▶ _Problem statement_
In the records below, the relevant part opens with the line containing "Palma/Paseo Marítimo - Luxury" and closes with the line containing "schwarz Metall/Kunststoff Silizium, Smartwatch"; print that part exactly and only, without its pictures.

BEGIN Data under study

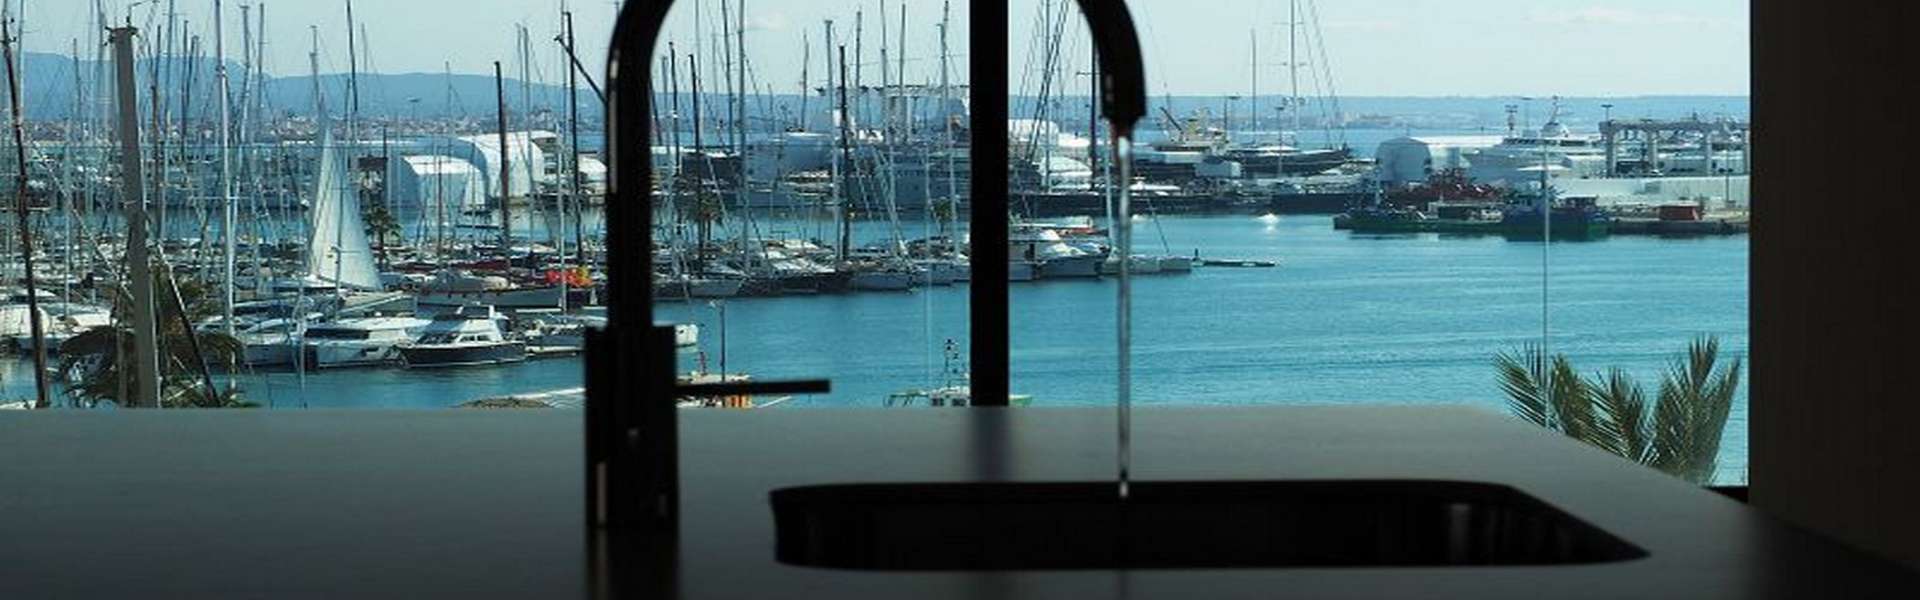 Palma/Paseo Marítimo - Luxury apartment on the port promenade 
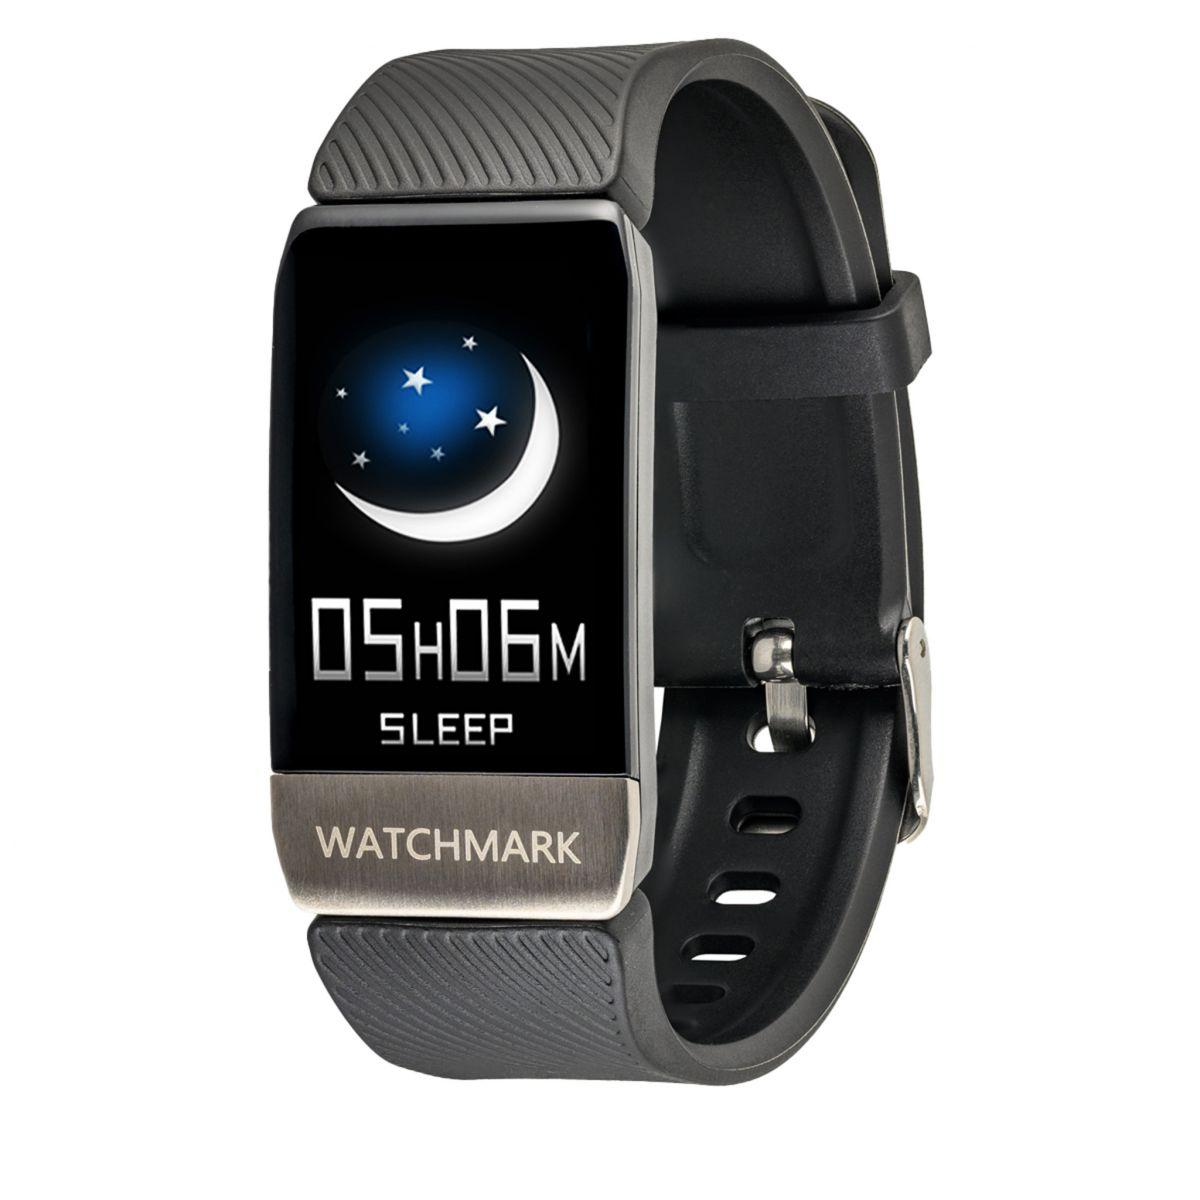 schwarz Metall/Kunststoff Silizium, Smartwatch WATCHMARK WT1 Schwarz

END Data under study
BEGIN Data under study

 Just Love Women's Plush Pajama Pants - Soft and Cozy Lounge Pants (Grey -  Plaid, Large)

END Data under study

▶ _Your response_
 Palma/Paseo Marítimo - Luxury apartment on the port promenade 
 schwarz Metall/Kunststoff Silizium, Smartwatch WATCHMARK WT1 Schwarz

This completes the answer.